Dream catcher-California Barbie looks like she was well taken care of  it's nice to see one that's too chunky vs. too thin! She's quite a doll. 
Windy-I'd love to see a photo, do share of you can!


----------



## SEAmom (Jan 8, 2011)

I love Khemo offspring. I don't think I've ever seen one I didn't like. They such wonderful dispositions and I love their build/motion. Enjoy your beautiful girl!
_Posted via Mobile Device_


----------



## Bird08 (Jun 24, 2011)

SEAmom said:


> I love Khemo offspring. I don't think I've ever seen one I didn't like. They such wonderful dispositions and I love their build/motion. Enjoy your beautiful girl!
> _Posted via Mobile Device_


You know, I haven't decided which way I'll go with her, discipline wise. She's got a very slow lazy jog yet when asked can have a big trot. She might do well as a little western horse, maybe even endurance. Who knows!? 
_Posted via Mobile Device_


----------



## morganarab94 (May 16, 2013)

So pretty!


----------



## MysticTrev (Oct 2, 2013)

Such a beautiful lady


----------



## aureliusandoinky (Nov 28, 2013)

That's funny that you say her trot is very lazy, because my Khemo is just like that! His trot is so slow compared to my other Arabian, so much so that I call him Ol' Reliable.


----------



## Inga (Sep 11, 2012)

Agreed! I have worked with several Khemo horses over the years and each of them had a very laid back way about them. Even the stallions were easy going and as reliable as a stallion could be. Very nice horses. Khemo really stamped his foals.


----------



## Cacowgirl (Feb 19, 2011)

I had my Khemo granddaughter for 17 years. She was a great ride, but unless you were a child, you didn't want to let your guard down-she could really move fast when she wanted to!


----------



## n2sporthorses (Dec 16, 2013)

Your mare has such a lovely, typey head!!! I so loved Khemosabi!!!


----------



## Zexious (Aug 2, 2013)

aureliusandoinky--He has a beautiful face.

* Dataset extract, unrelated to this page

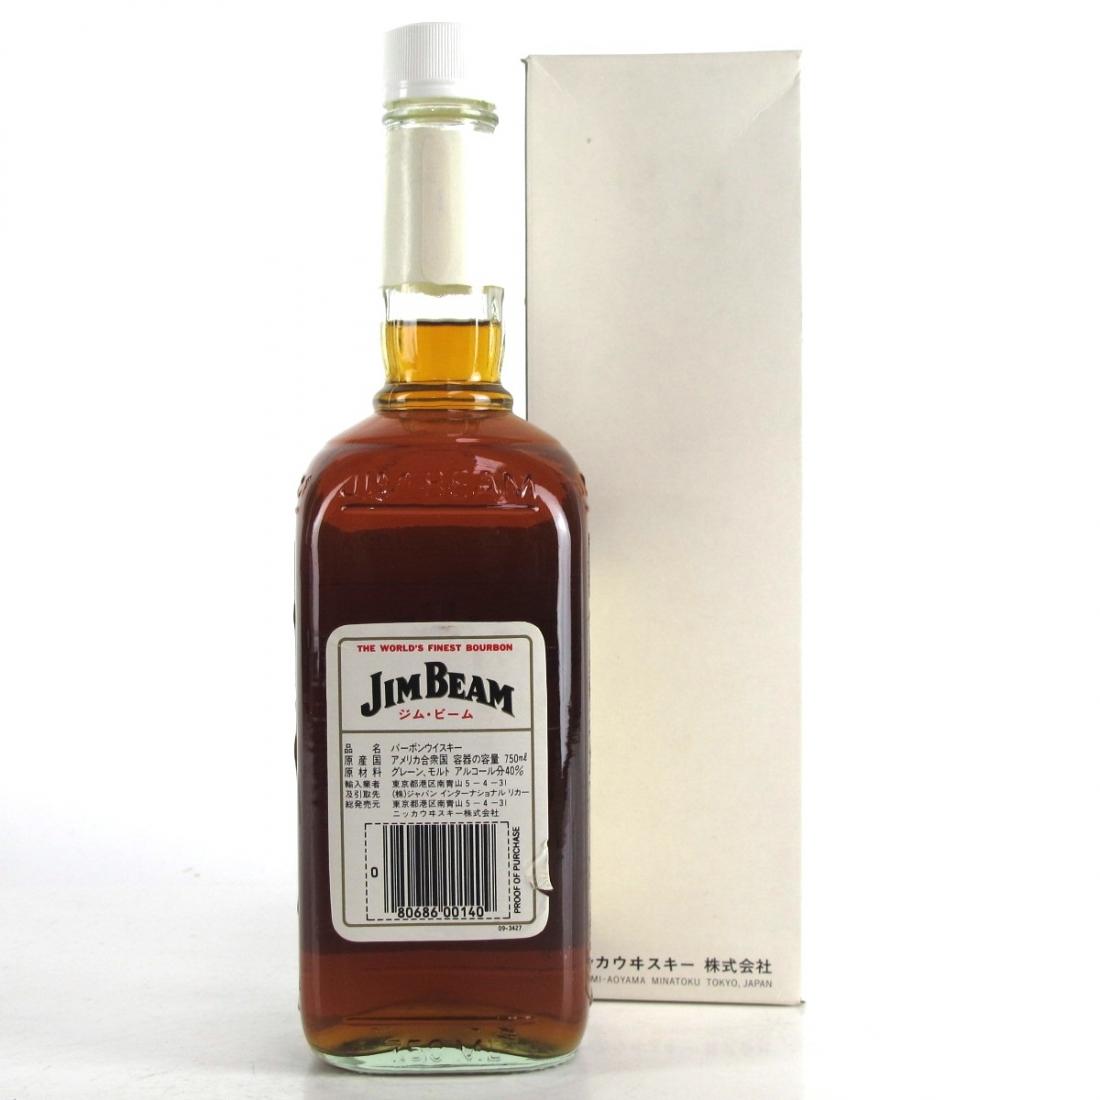 Jim Beam Kentucky Straight Bourbon 1980s / Japanese Import

This is very interesting to learn about Khemo babies. I had no idea


----------



## Bird08 (Jun 24, 2011)

n2sporthorses said:


> Your mare has such a lovely, typey head!!! I so loved Khemosabi!!!

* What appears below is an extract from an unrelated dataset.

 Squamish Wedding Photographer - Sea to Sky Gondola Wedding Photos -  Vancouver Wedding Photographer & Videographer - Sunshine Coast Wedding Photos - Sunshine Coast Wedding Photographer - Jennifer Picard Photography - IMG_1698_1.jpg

She does doesn't she?! I love her "wild" look. Thank you


----------



## rideverystride (Jul 19, 2013)

GORGEOUS girl .


----------



## rexing93 (Dec 6, 2012)

She's gorgeous! :3


----------



## WSArabians (Apr 14, 2008)

She is absolutely stunning! Sure can see that Khemo blood coming out!
I have a lot of Khemosabi breeding in my herd - every one of them are in your pocket pet me now ponies LOL
This is my Khemo grandson - Hoping to make a reiner out of him!


----------